When he said that, I turned to Kris and said, “And by animals, he means poisonous snakes.” To which she replied, “There aren't any poisonous snakes here.” And, then George said, “Yes there are. Some really bad ones.”

So there, Kris.

So, Kris and I tramped through the forest between meals. And we stayed on the trails. She did a lot more tramping than I did, because, well, I had a good book, and there was a nice hammock on the veranda. And although Kris also likes a good book, she likes tramping through jungles more than I do. We got some nice pictures of some of the animals on the hikes, too. But we didn't see any snakes, much to my disappointment. I was so going to point one out and say, “Look Kris, there's a snake.”

What you should know about staying in the Ecuador cloud forest

Some pure information: the meals were served on the veranda three times a day, and were multi course delights on a quality equal to the best restaurants we've been to in Quito. The guided bird tours are part of the package, or you can ignore them and go on your own along the marked trails like we did. The accommodations were quite nice: comfortable beds in the rustic styled lodge built of native timber. Hot water for showers was plentiful, and filtered water for drinking was provided. You could wander down to the eating area for a cold beer or a glass of wine when you wanted, too.

Ecuador Milpe mindo cloud forest al fresco breakfast
The al fresco breakfasts were among the day's highlights.

Transportation from Quito can be arranged also, so you don't have to detour through Mindo if you don't want to.

Hammocks for reading or dozing were hung on the veranda outside our rooms. And, the veranda also provided a sweeping vista of the valley below where you just went for a hike. In the afternoons, the clouds rolled up the valley and obscured the view of the floor, but in trade, magnified the sound of the multiple waterfalls you'd seen on your hike.

The cost is very reasonable, by American standards. For the two of us, it was $156 per night, (although I doubt if that's still the rate) and that included all three substantial and excellent meals. They even quiz all guests on their food preferences and gladly provided vegetarian meals or meals without red meat (for me) on request.
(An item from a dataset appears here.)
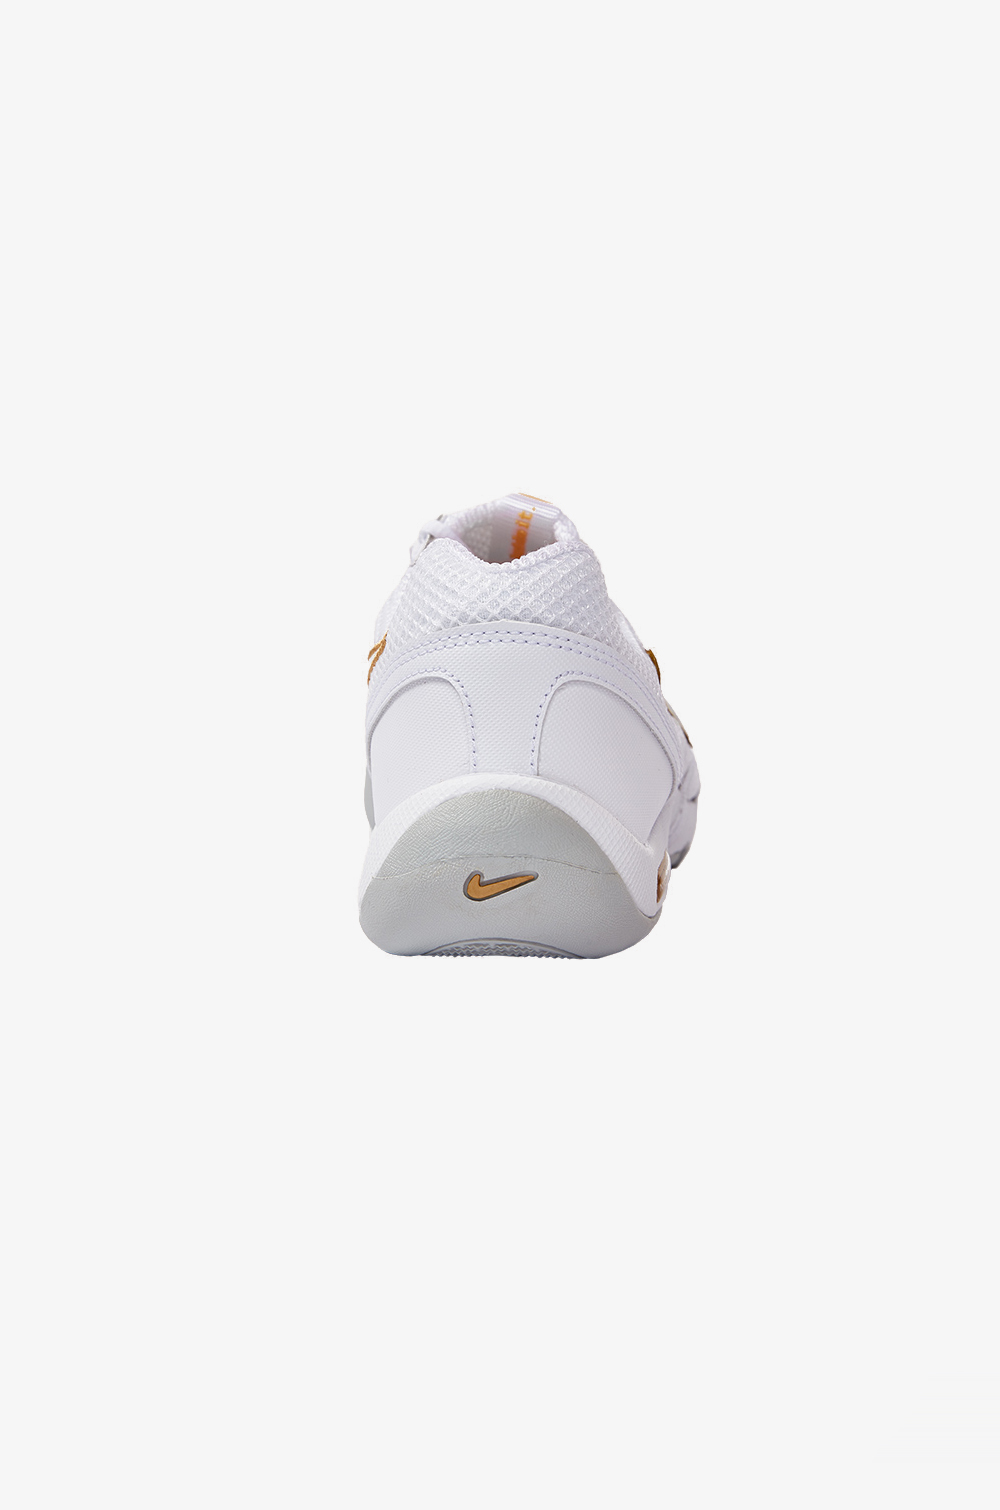 Nike Shoes Air Zoom Fencer Gold

I got sea bass when the rest were having steak, and if you like the sea bass you get in the U.S., you should definitely try it here, 3000 miles closer to the source.

The web address is www.sanjorgeecolodges.com. Do it. You'll think it's one of the coolest places you've ever been, even if you just spend a whole day with your ass in a hammock.

It worked for me.

This is an update of a post originally written in 2010.